╭──

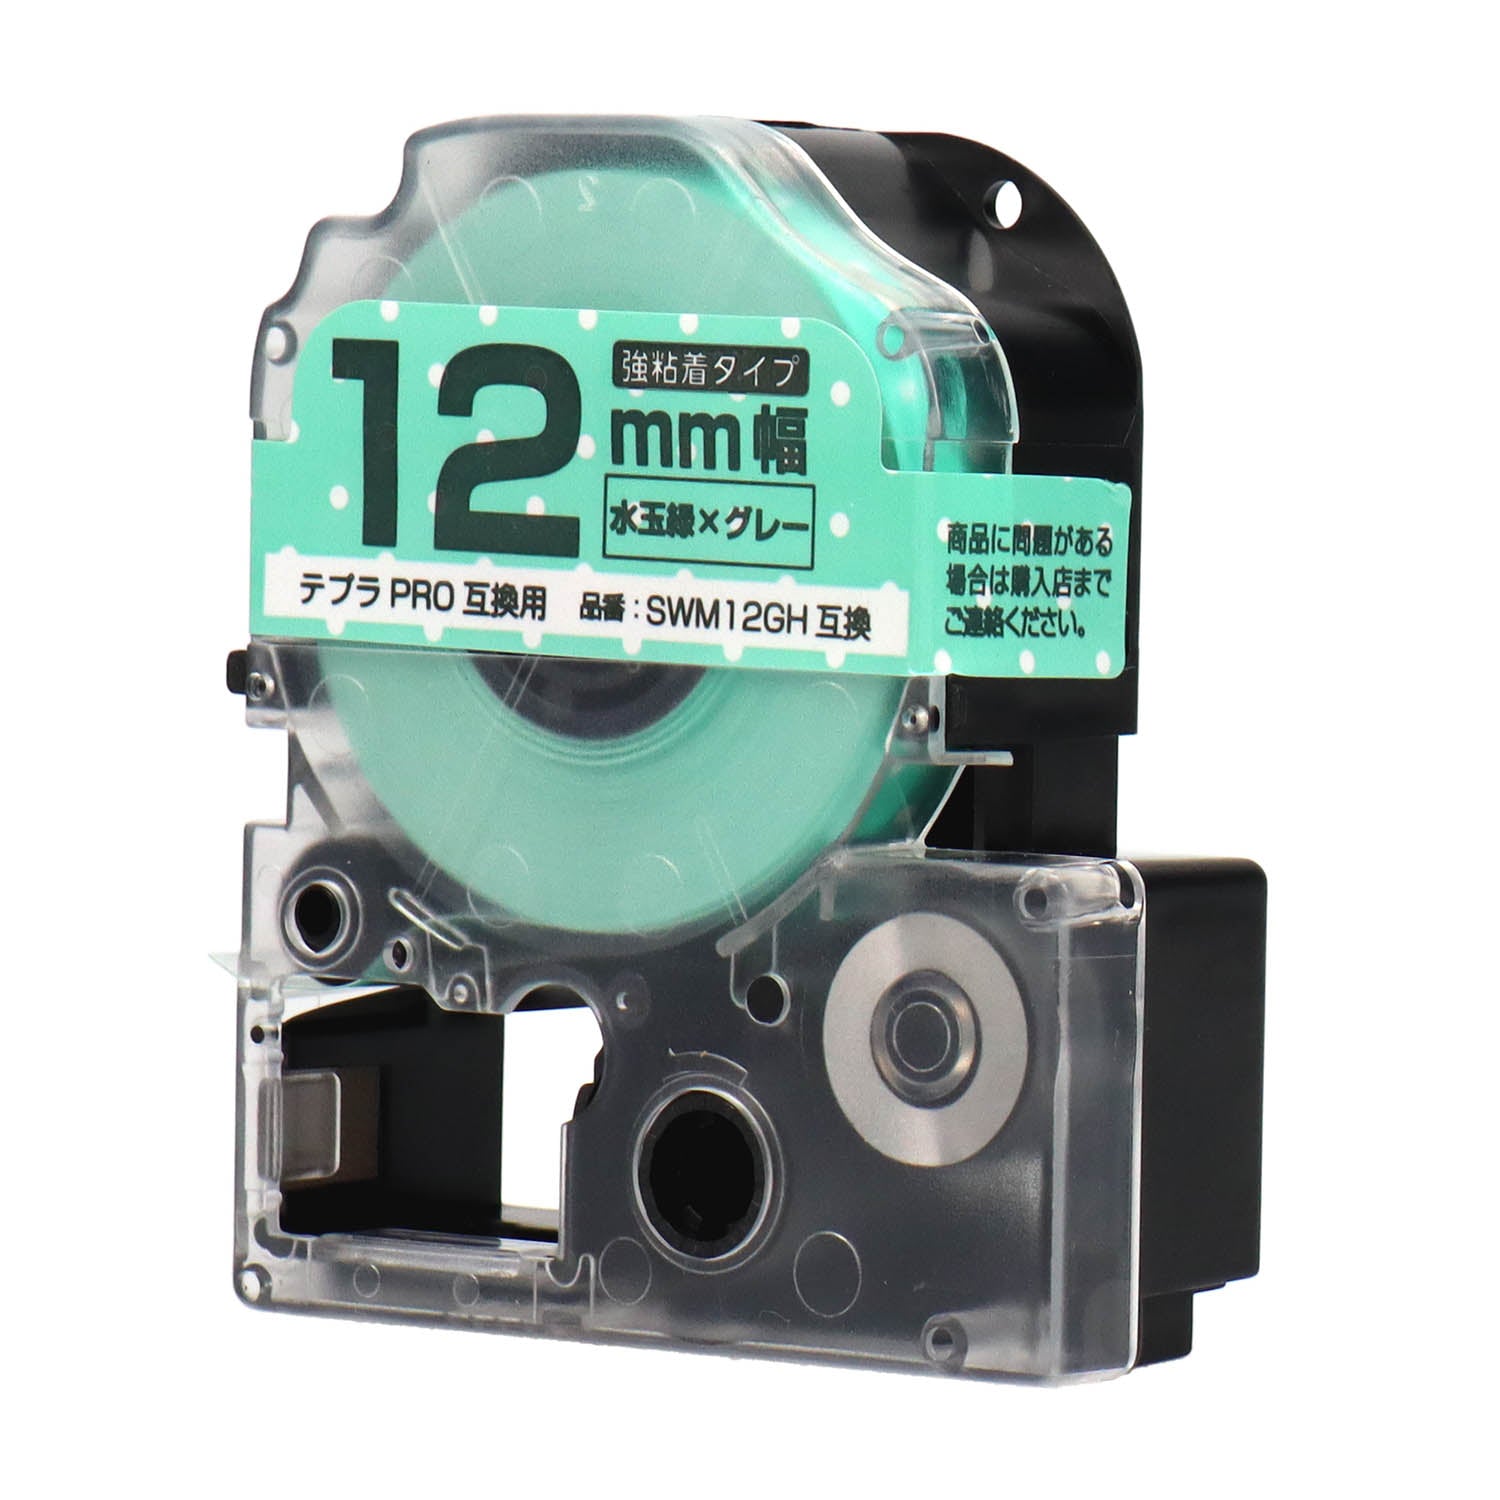 テプラPRO用互換テープカートリッジ 水玉緑×グレー文字 12mm
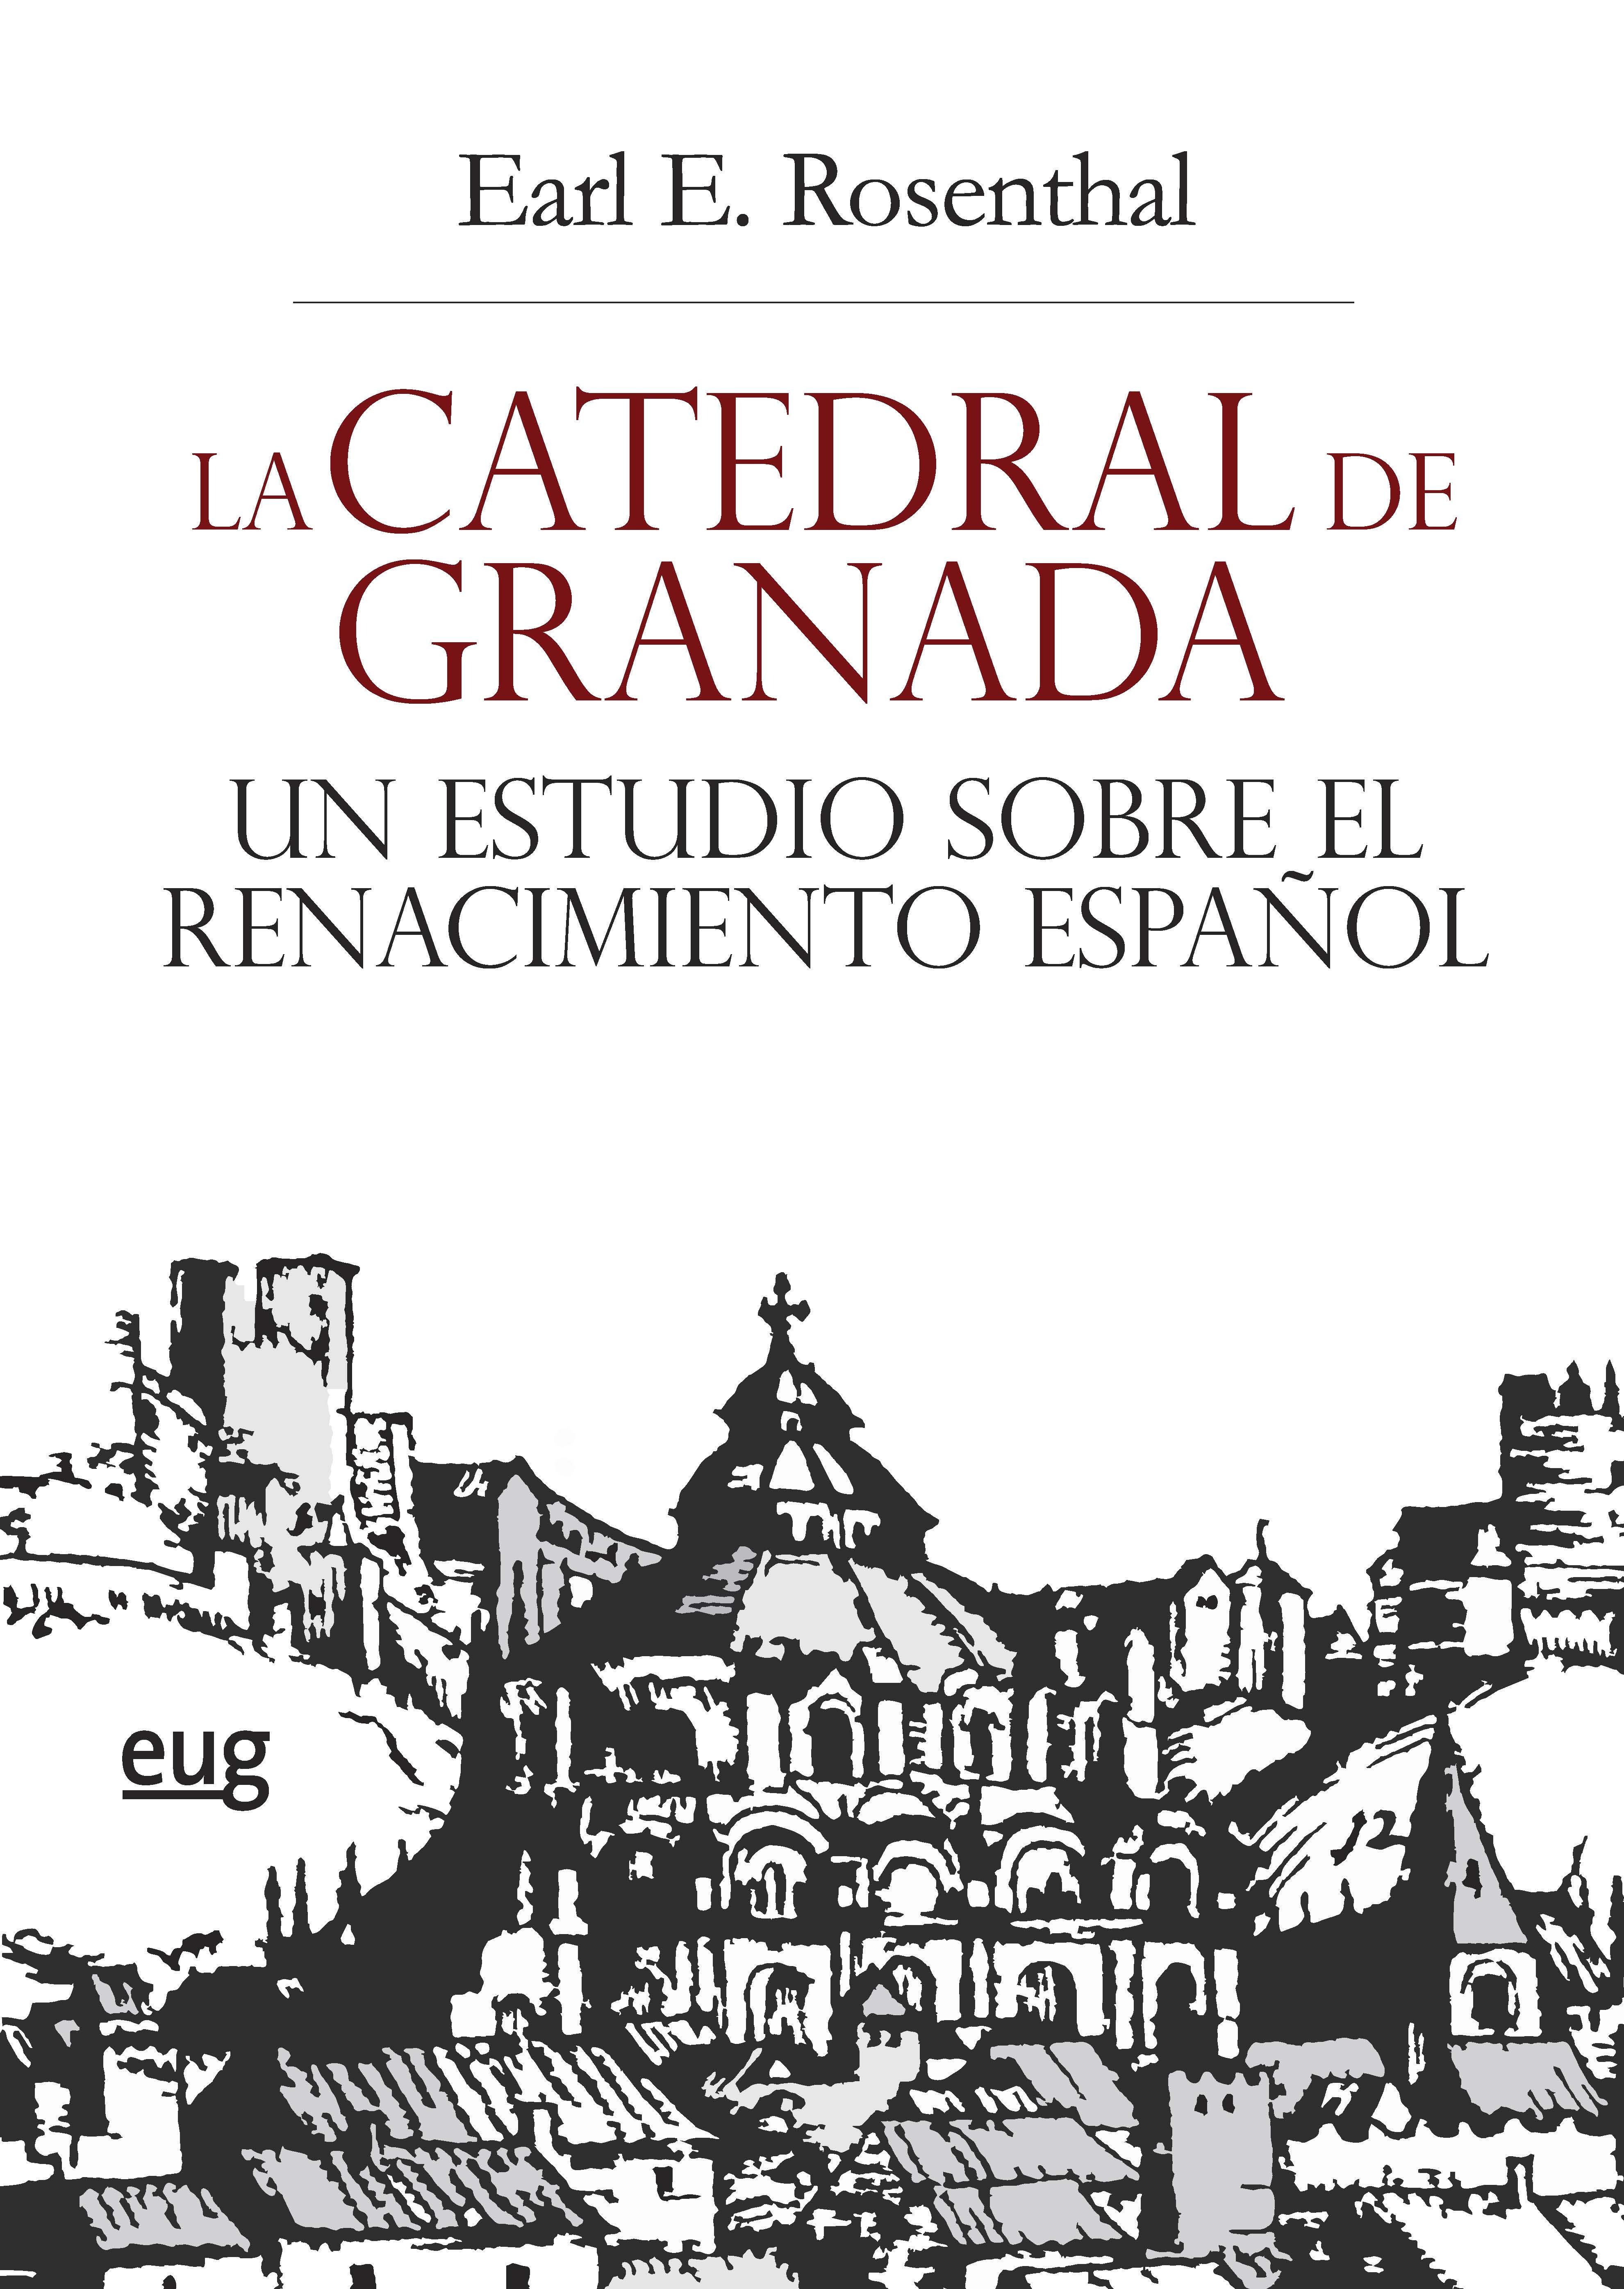 La catedral de Granada, objeto de estudio en el Libro del mes de febrero de la Universidad de Granada
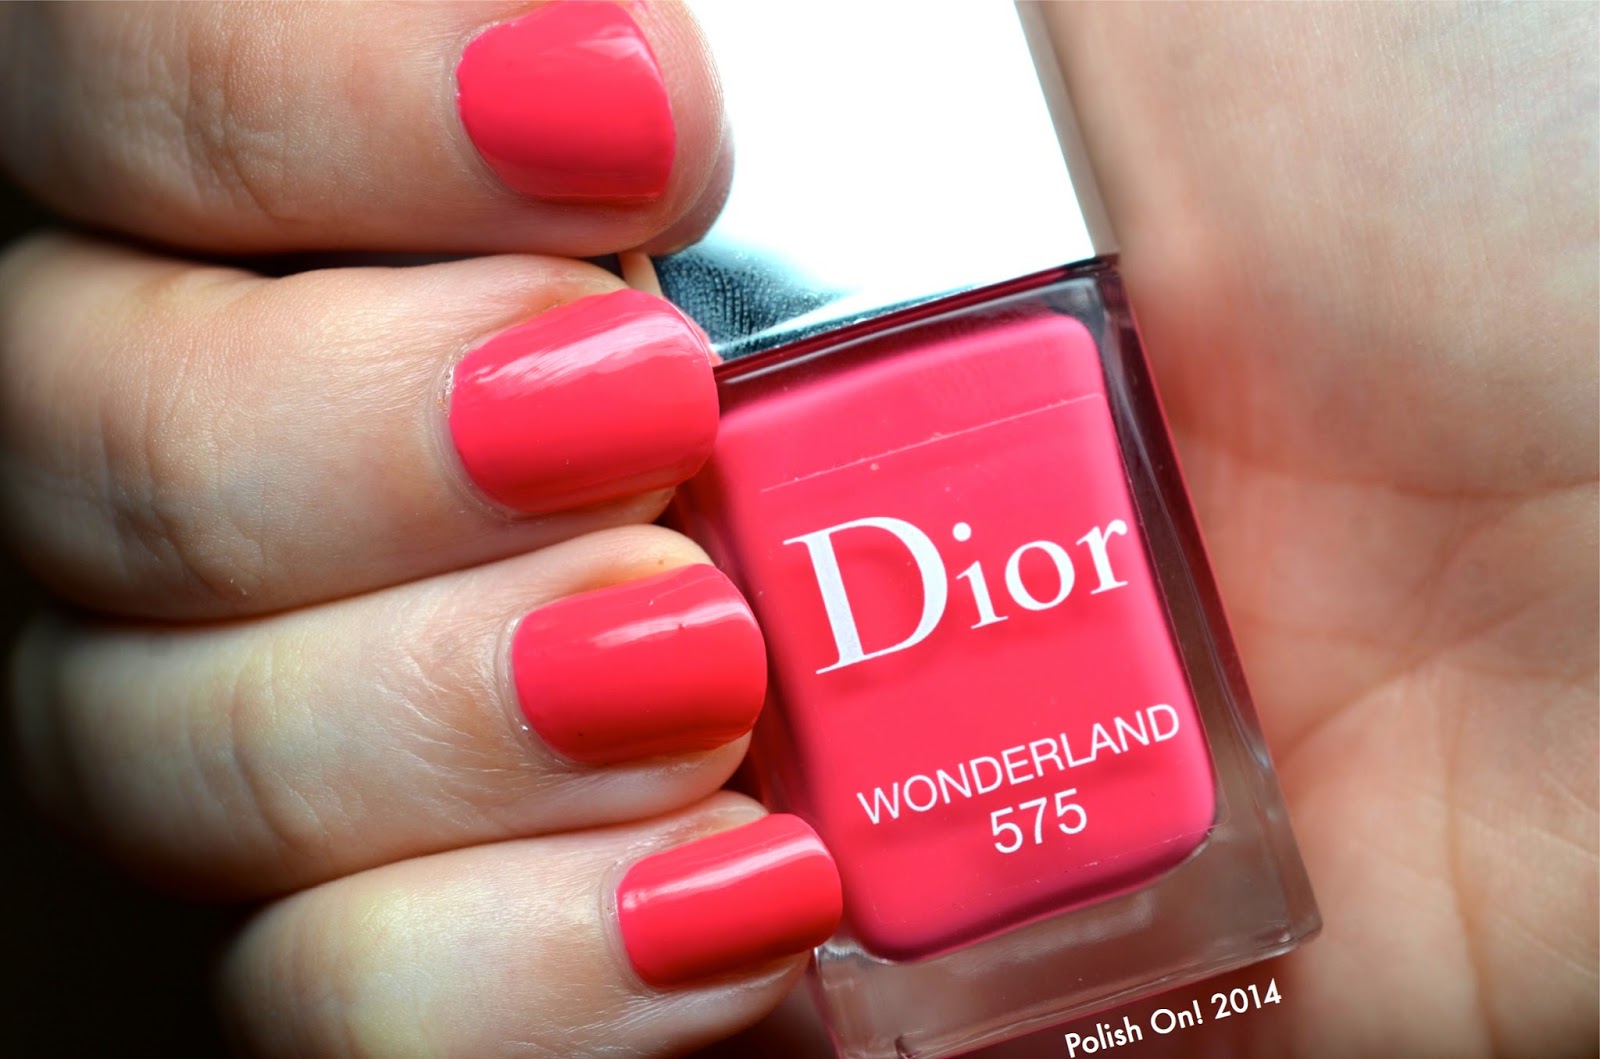 dior wonderland nail polish

╰──

Task to carry out: Write out the lines of the material from the one containing "La catedral de" through the last, exactly and only those. Leave every picture out.

Result:
 La catedral de Granada, objeto de estudio en el Libro del mes de febrero de la Universidad de Granada
 dior wonderland nail polish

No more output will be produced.